Rowling cannot interpret the story she wrote for her readers. That is what is dynamic and engaging about fictional literature: it can be interpreted in many different ways by many different people, and in the end, there may be several different correct ways to interpret any given story, as long as the interpretation is built on the solid foundation of literary proof. But you cannot make up an interpretation without sufficient literary proof. And as an author, you cannot tell your readers how to interpret your book if there is more than one way to interpret it.

Seeing as Rowling’s evidence for accusing Dumbledore of being gay is overshadowed by the complete lack of homosexuality in the rest of his character development throughout the seven-book series, coupled with the fact that sexuality as a whole is completely absent from the series due to the fact that Harry Potter was written as a children’s book, I see no other conclusion than this is just another fictional interpretation of a character, and a weakly supported one at that. If she were a literary critic making this remark, (in a sane world, mind you) she would be laughed at for making such a preposterously unsubstantiated claim. So in no way does Rowling have the right as author to tell us that her interpretation is right when it was clearly not in the story.

Barbara Kay, a woman who has written articles about this authorial overstepping of bounds, has a great quote that sums up what is wrong with Rowling’s statement. She said “Once the books are written, the gates of the fictional characters’ lives and their world clang shut. Any post-publication pronouncements she makes about her characters are superfluous and inadmissible, except as a personal self-indulgence on her part, and likely a bid to appear tolerant and liberal.”

She goes on to say that “whatever Rowling is as a person, and whatever her sympathies are for gays in the real world, they are irrelevant to Hogwarts, since she failed to include that component in the stories as written. She is an author of fiction, not a social worker. In a literary work, the characters must be true to the parameters of the fictional landscape in which they find themselves, and in Hogwarts there is – or was - no adult sexuality.”

So what can we learn from this? Well, the fact that Rowling is a sellout to the gay rights movement is overwhelming.
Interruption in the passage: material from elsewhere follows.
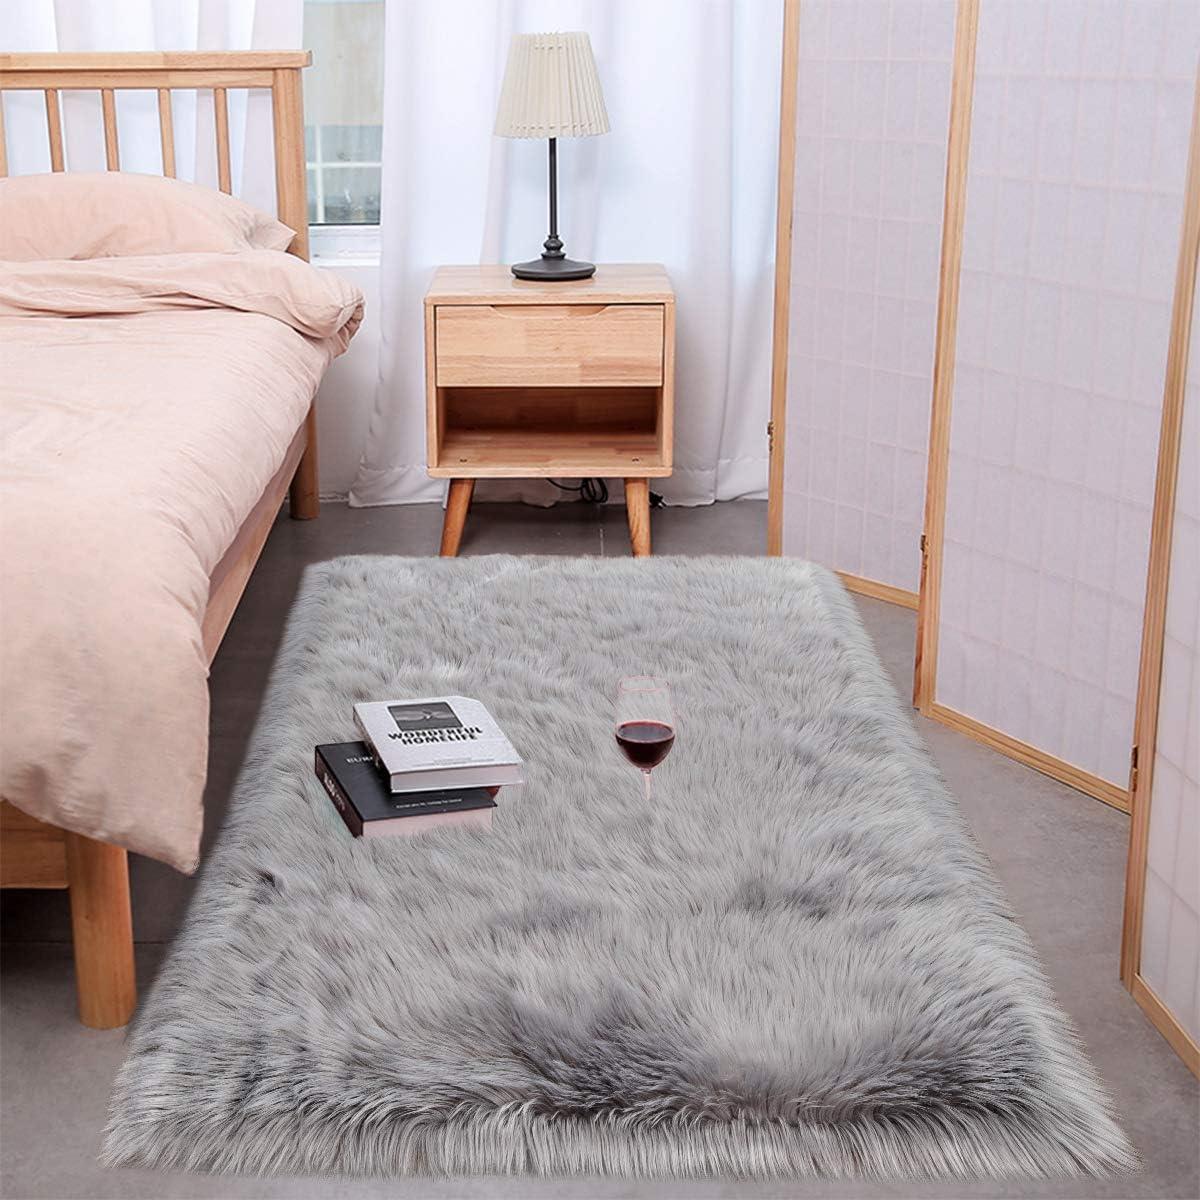 Wondo Soft Shag Faux Fur Sheepskin Area Rugs for Bedroom Home Decor Floor Sofa Couch Fluffy Carpet Chair Cover Cushion 2ft x 3ft,Grey
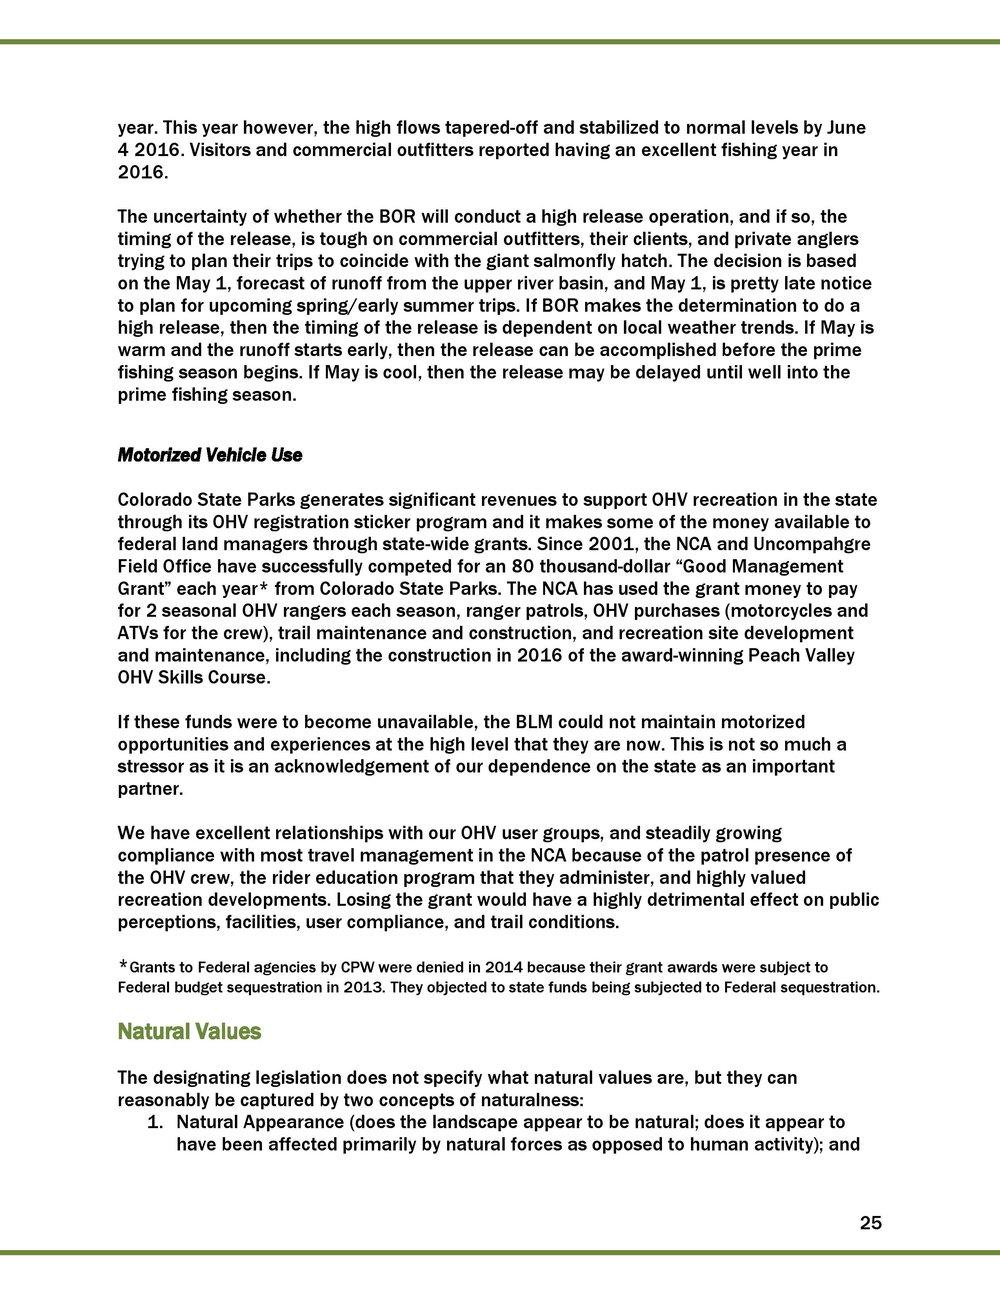 2016 FINAL GGNCA REPORT_2017_02_01-page-026.jpg

It also seems evident to those who know the facts about this story that she has lost her respectability as an author with most people who wish to keep their loved ones away from the destructive and morally degrading homosexual lifestyle which is currently trying to be passed off as societally normal, when in fact it is largely both a cover for attacking Christians and those with strong traditional values and morals as well as an attempt to legitimize and normalize any sort of promiscuity or obscene fetish while at the same time making heterosexual monogamy and the traditional Christian family out to be obsolete and intolerant.

Okay, I know I’ve been pretty hard with the facts so far, so I want to return to the sort of jocular banter I started with in the first paragraph of this blog. I’d like to offer some literary examples that for some reason J.K. Rowling chose not to use during her press conference to back up her defamation of the Headmaster of Hogwarts, or “The Top Four Reasons Why Dumbledore Was Gay!”.


4. He kept his Pensieve out in plain view in his office in the hopes that Harry would fulfill his fantasy by accidentally snooping in the wrong memory, like that one lonely night at “Wizarding Whizbangs and other Magical Erotica”.

3. Maybe someone cast the lesser known Fourth Unforgivable Curse, “Homo Inexplicus” on him.

2. Why else was he called the Headmaster?

1. No wonder he kept Snape around for so long.